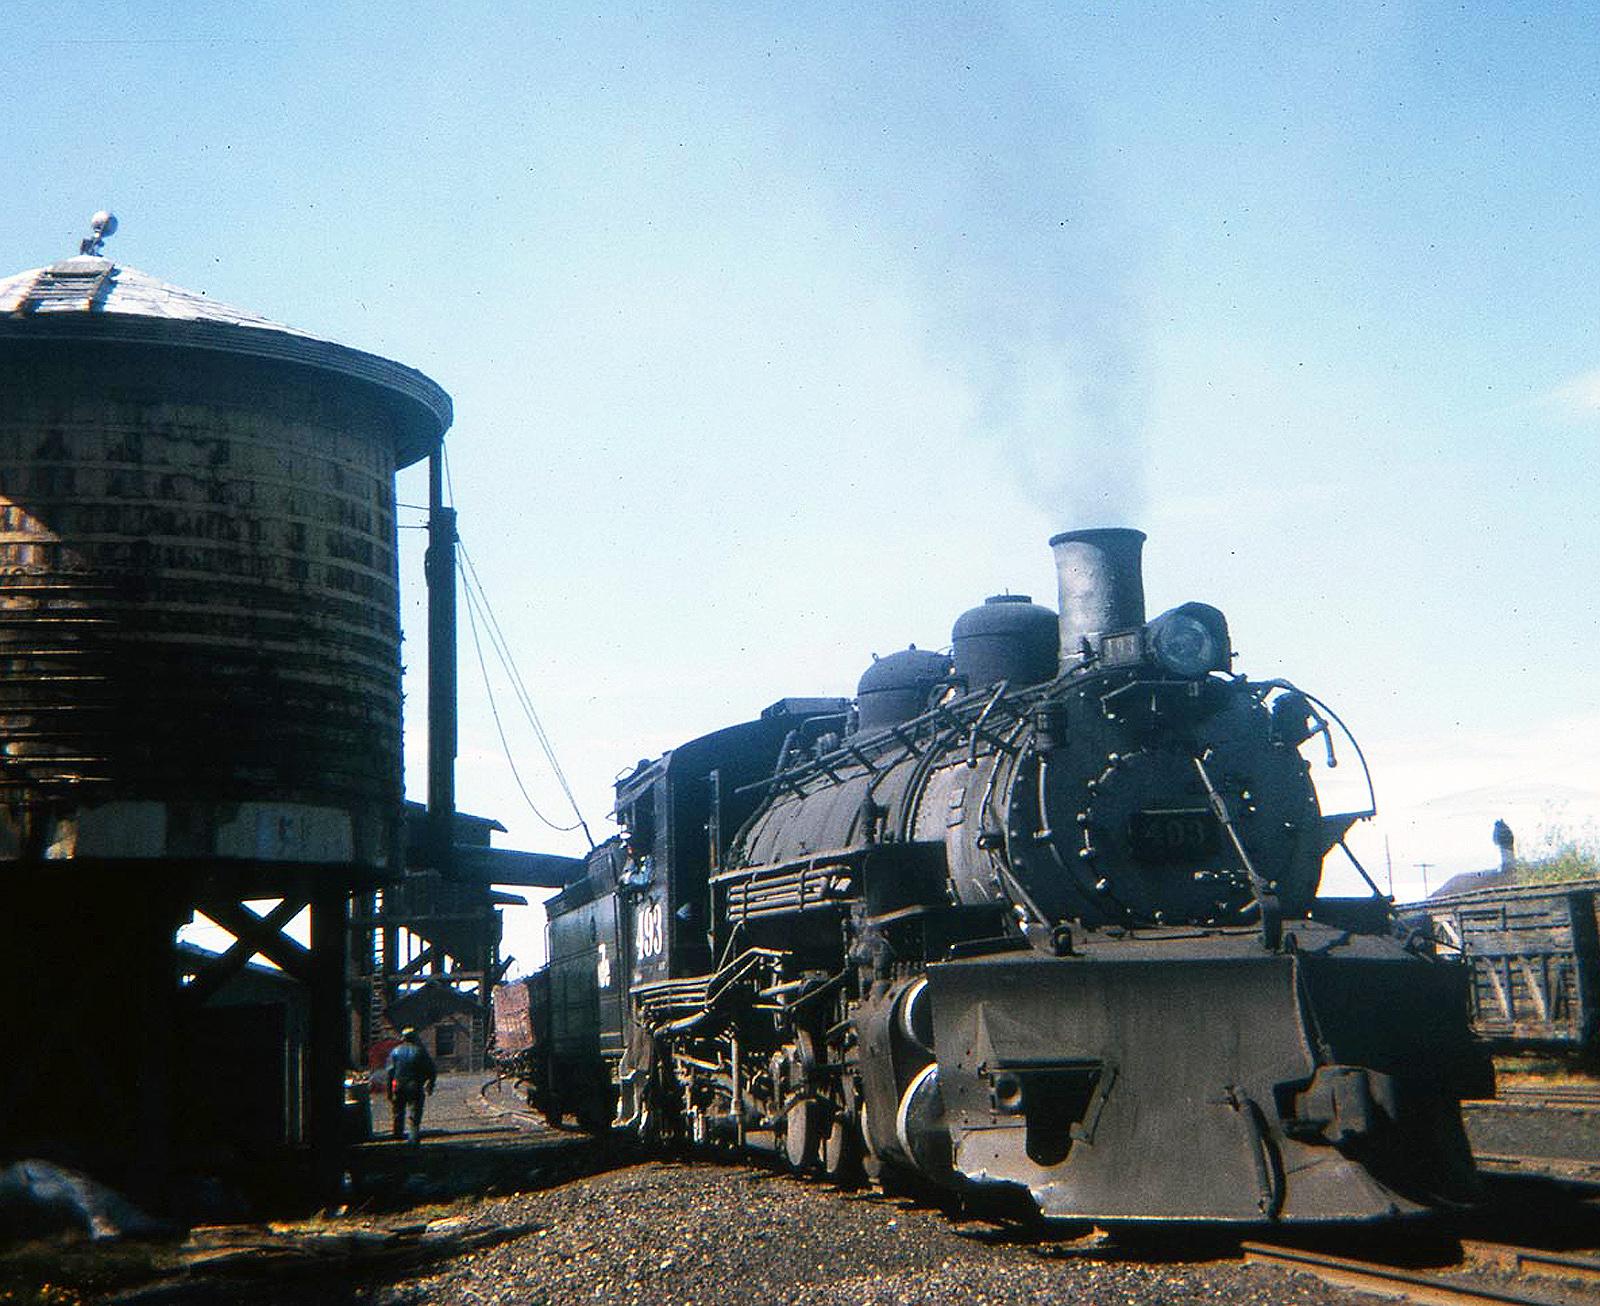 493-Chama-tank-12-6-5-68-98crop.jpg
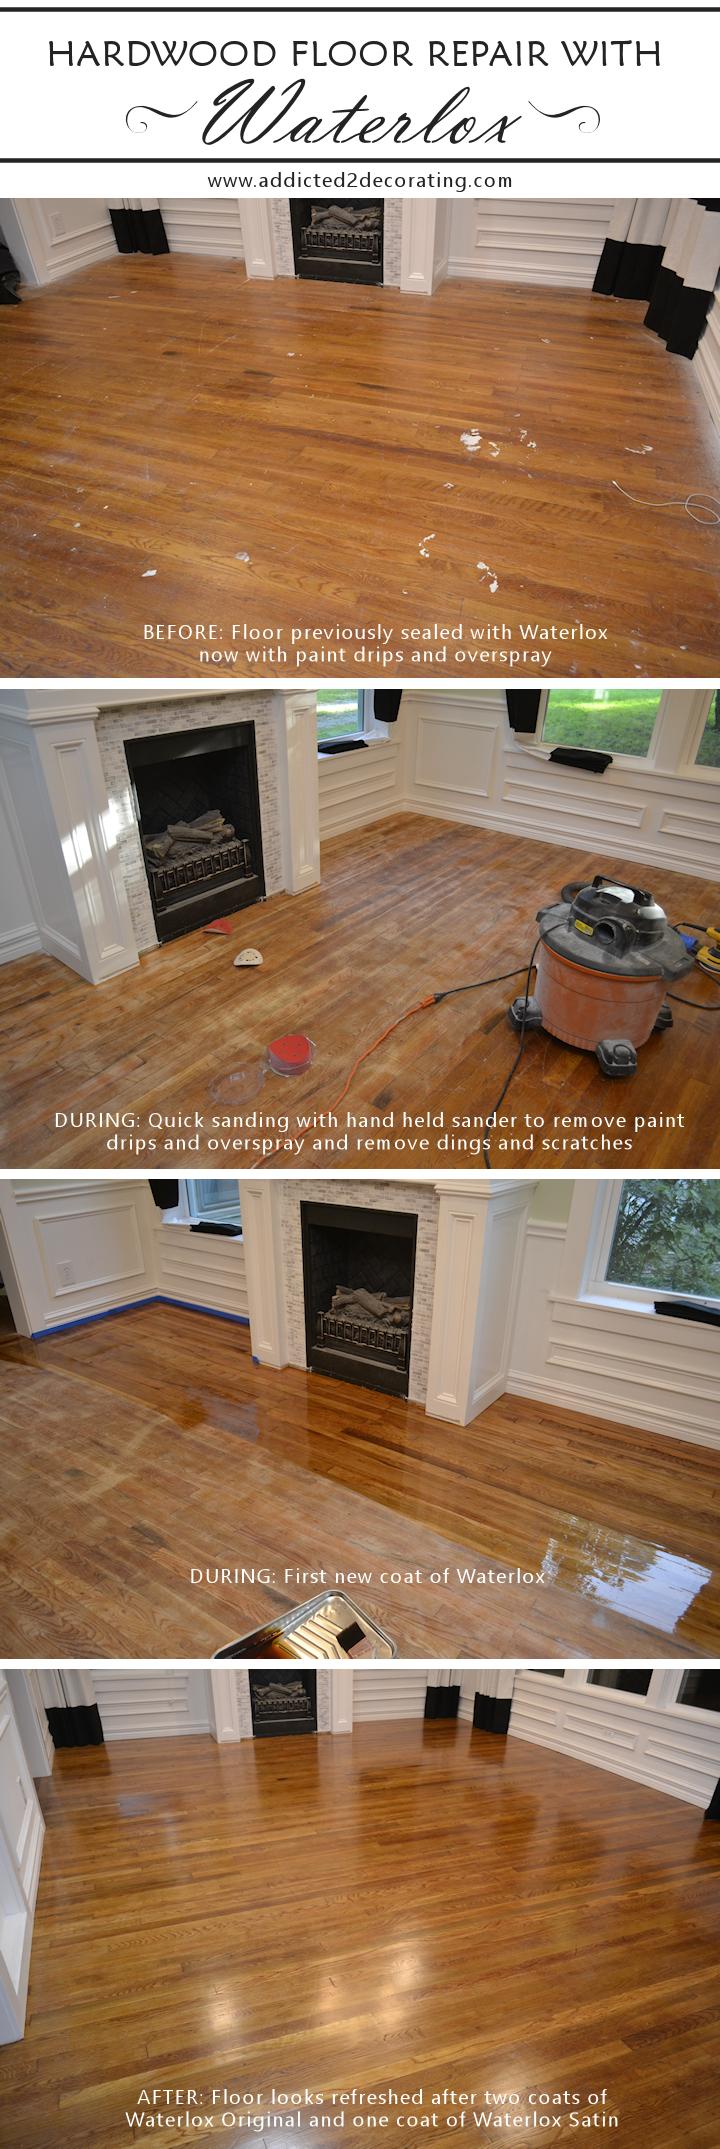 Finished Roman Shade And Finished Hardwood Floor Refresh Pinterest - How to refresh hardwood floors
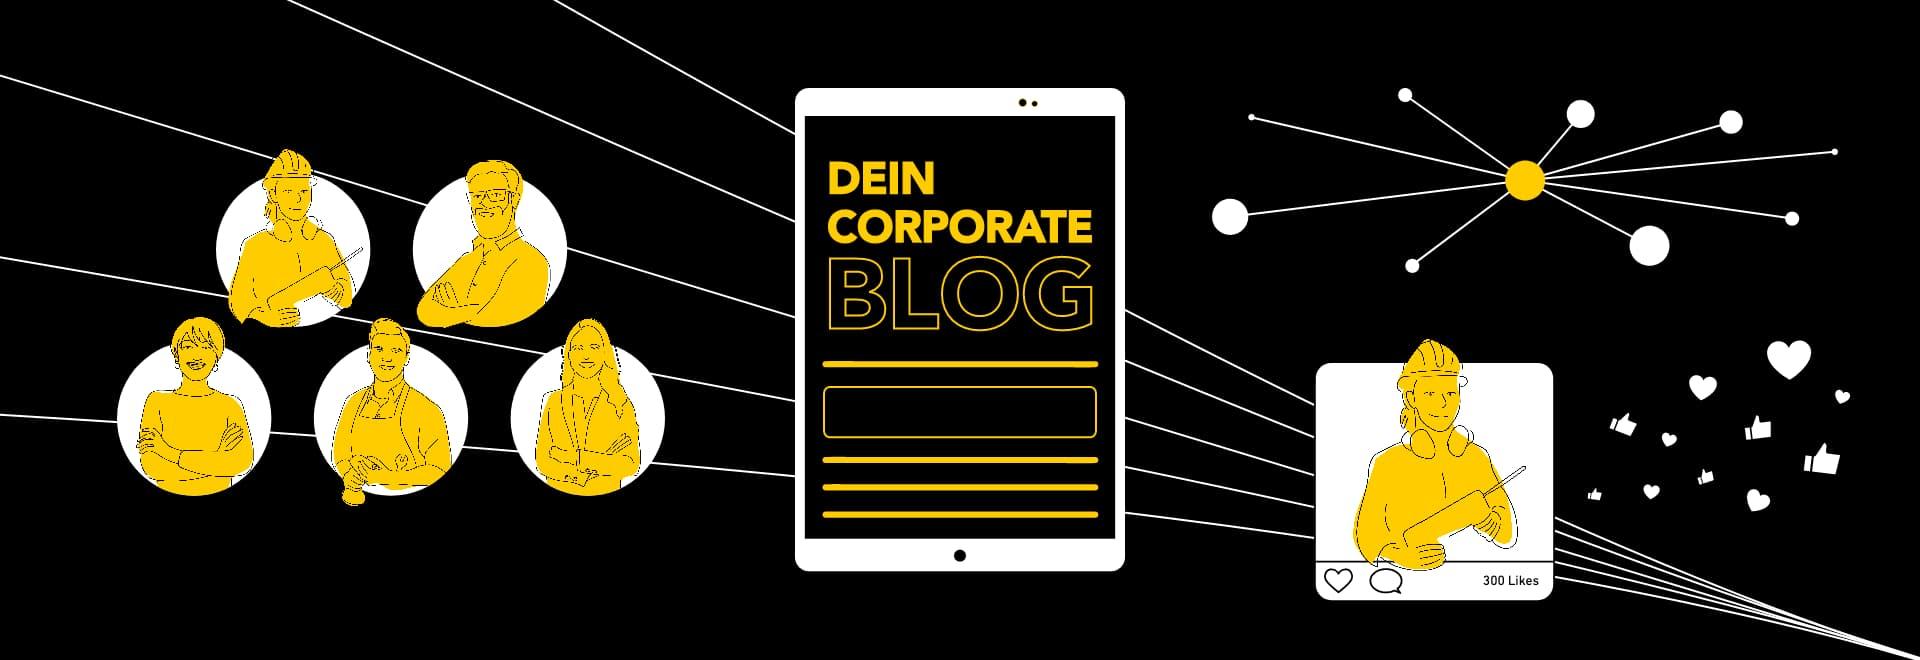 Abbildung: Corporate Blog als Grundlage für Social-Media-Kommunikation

= = = = =

[Work to be completed] From the line containing "Finished Roman Shade" to the last line of the material, every line is to be reproduced exactly. No picture belongs in the copy.

[Written solution]
 Finished Roman Shade And Finished Hardwood Floor Refresh Pinterest - How to refresh hardwood floors
 Abbildung: Corporate Blog als Grundlage für Social-Media-Kommunikation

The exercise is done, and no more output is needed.